Exercise brief: Only the pictures should be left out; write out all other data exactly.

Recorded data:
########
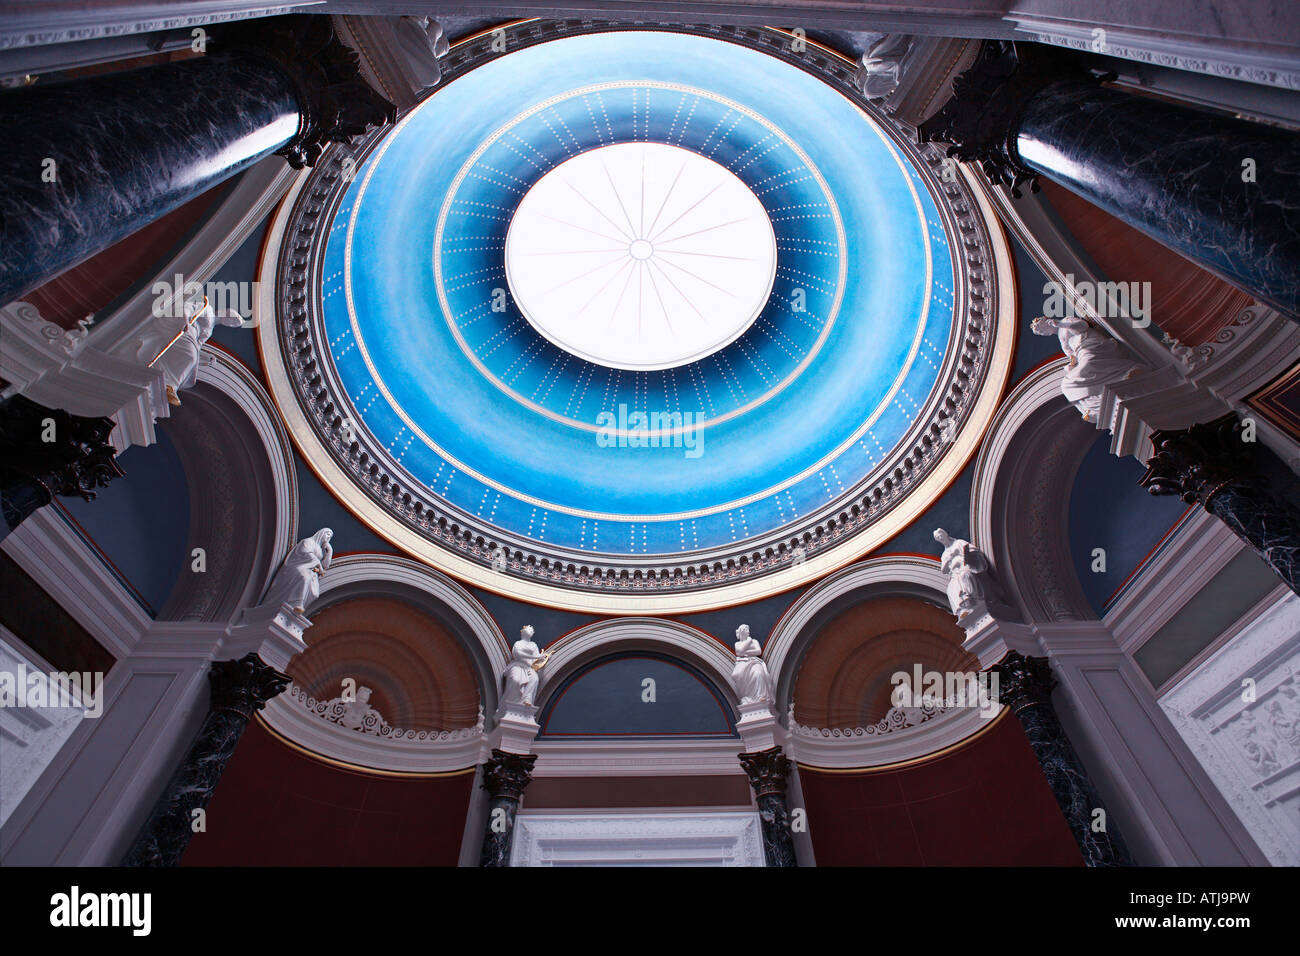 The dome of the Alte National Gallery in Berlin Stock Photo
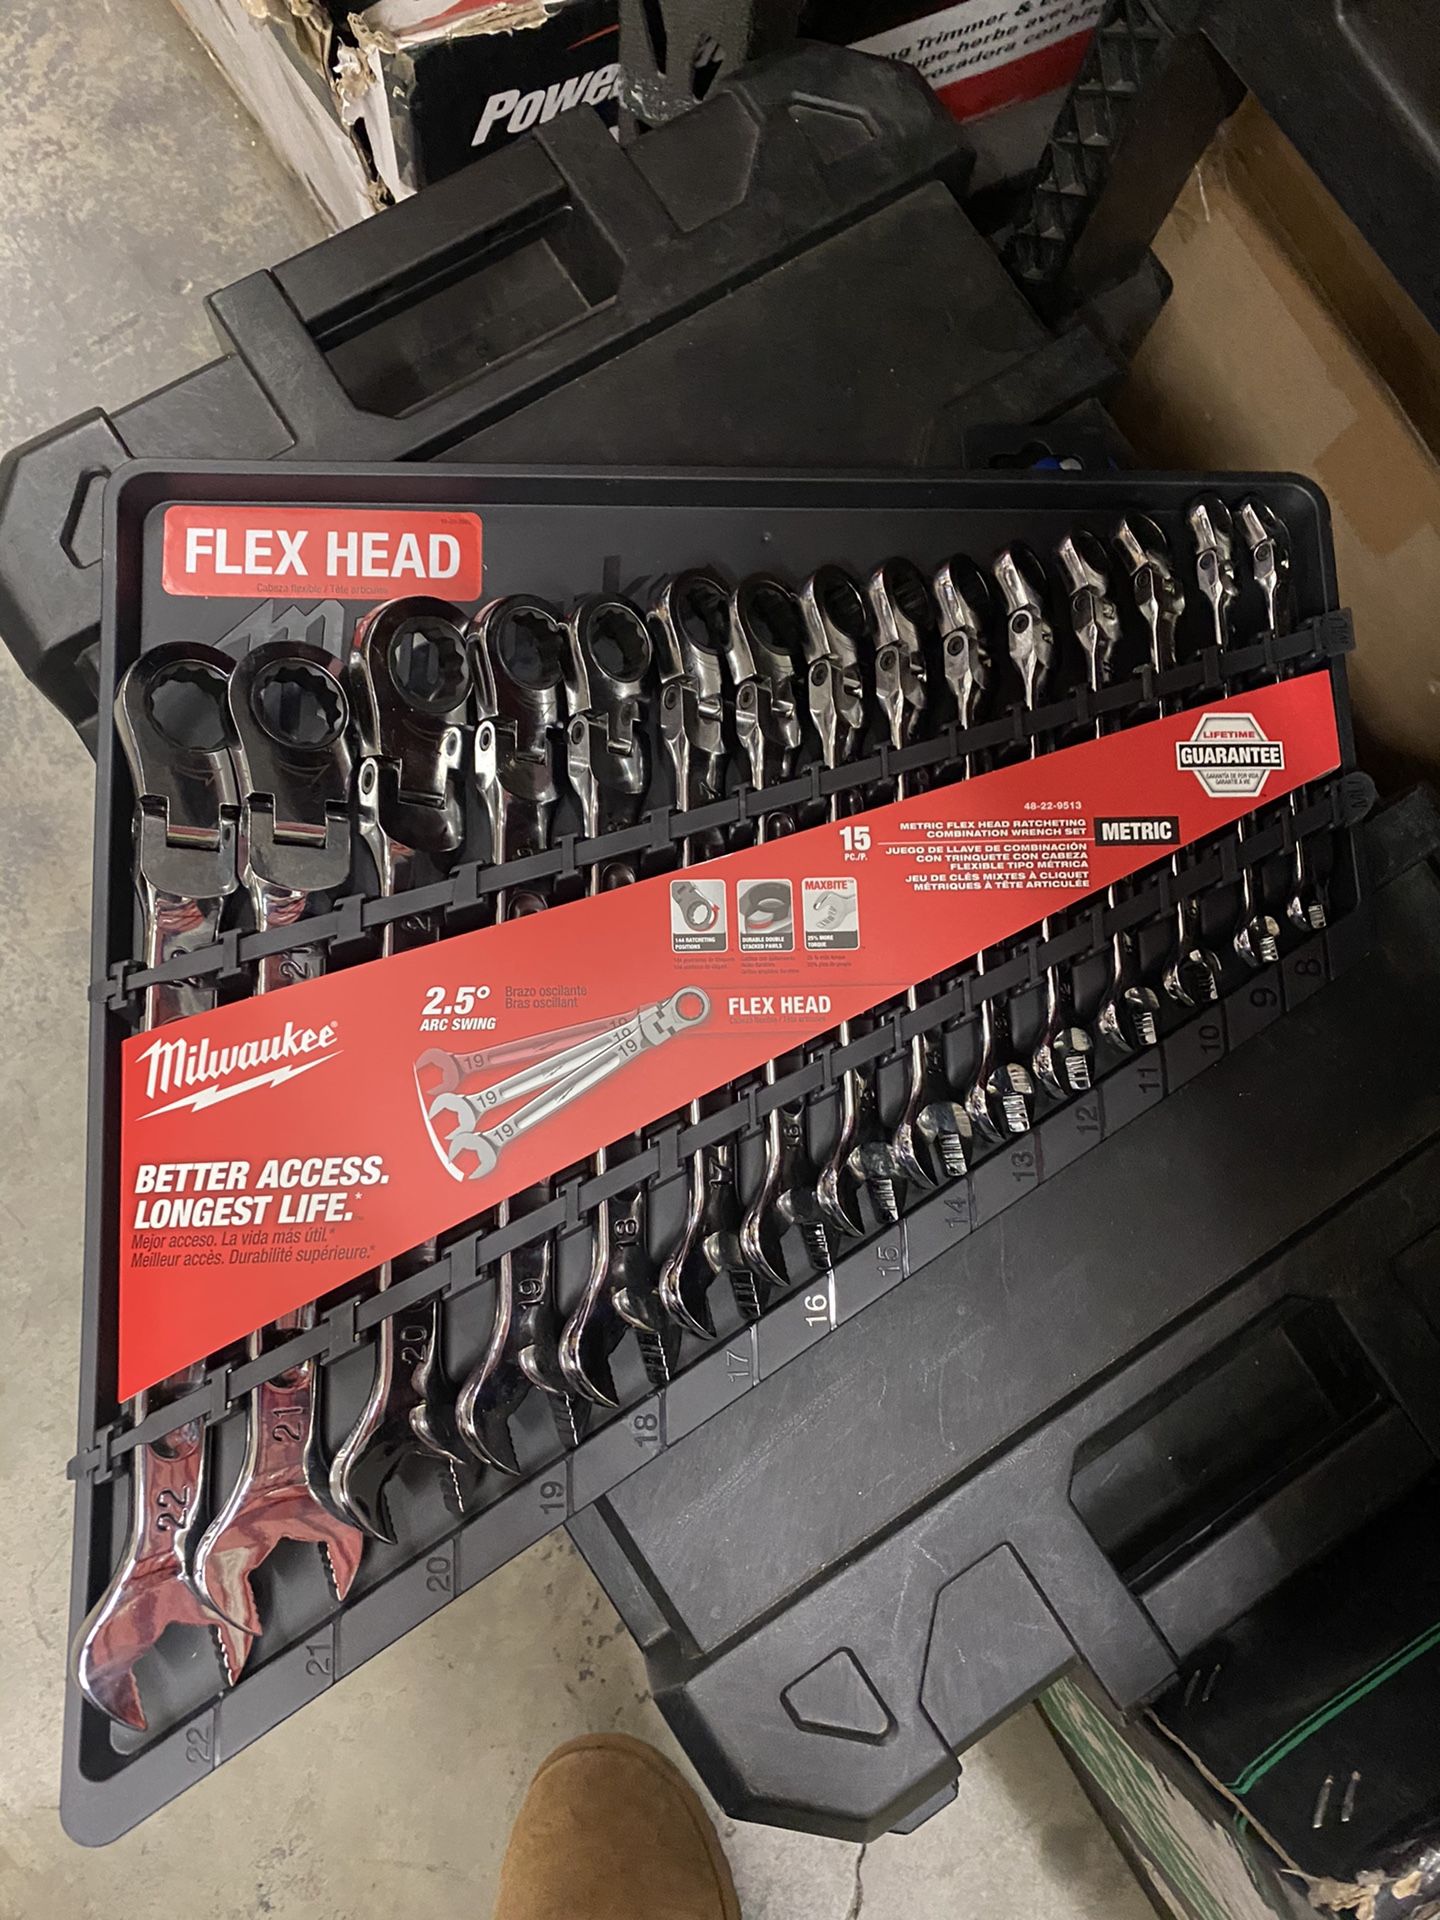 Milwaukee 144-Position Flex-Head Ratcheting Combination Wrench Set Metric 15-Piece) for Sale in Hesperia, CA OfferUp
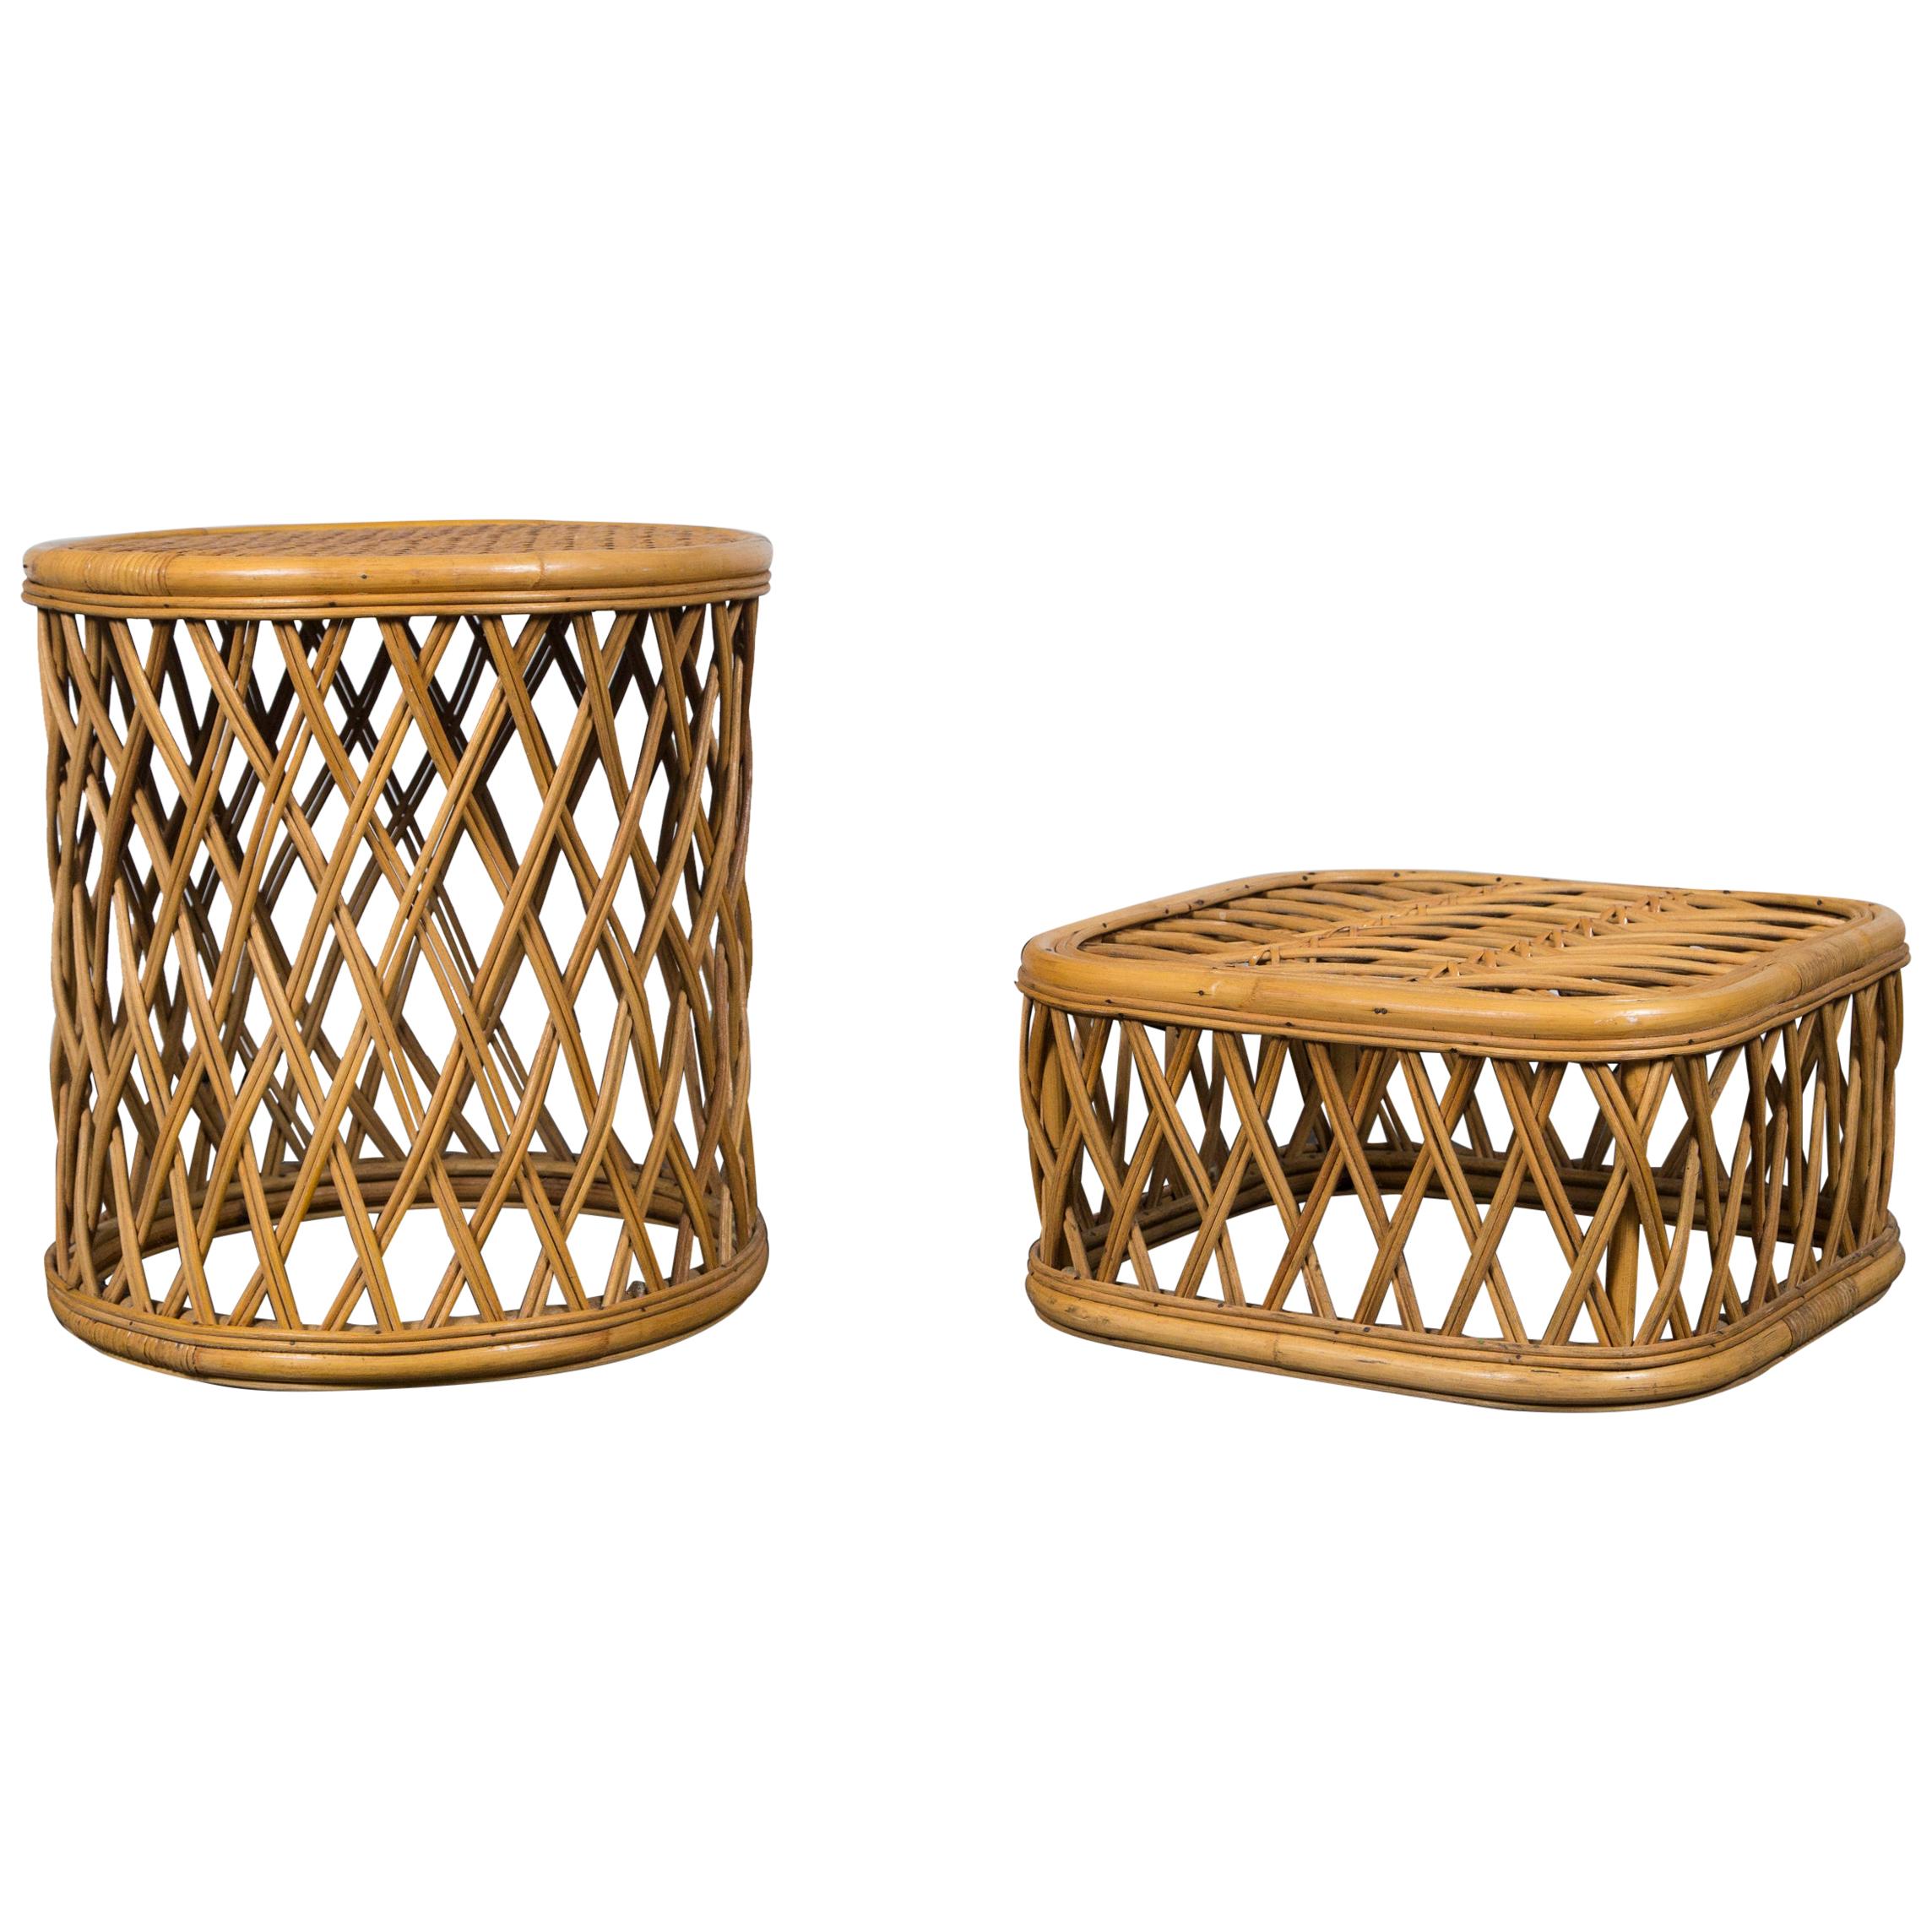 Two Rattan Pieces Small Cylindrical Table, Small Square Ottoman For Sale
########
Output below:
 The dome of the Alte National Gallery in Berlin Stock Photo
 Milwaukee 144-Position Flex-Head Ratcheting Combination Wrench Set Metric 15-Piece) for Sale in Hesperia, CA OfferUp
 Two Rattan Pieces Small Cylindrical Table, Small Square Ottoman For Sale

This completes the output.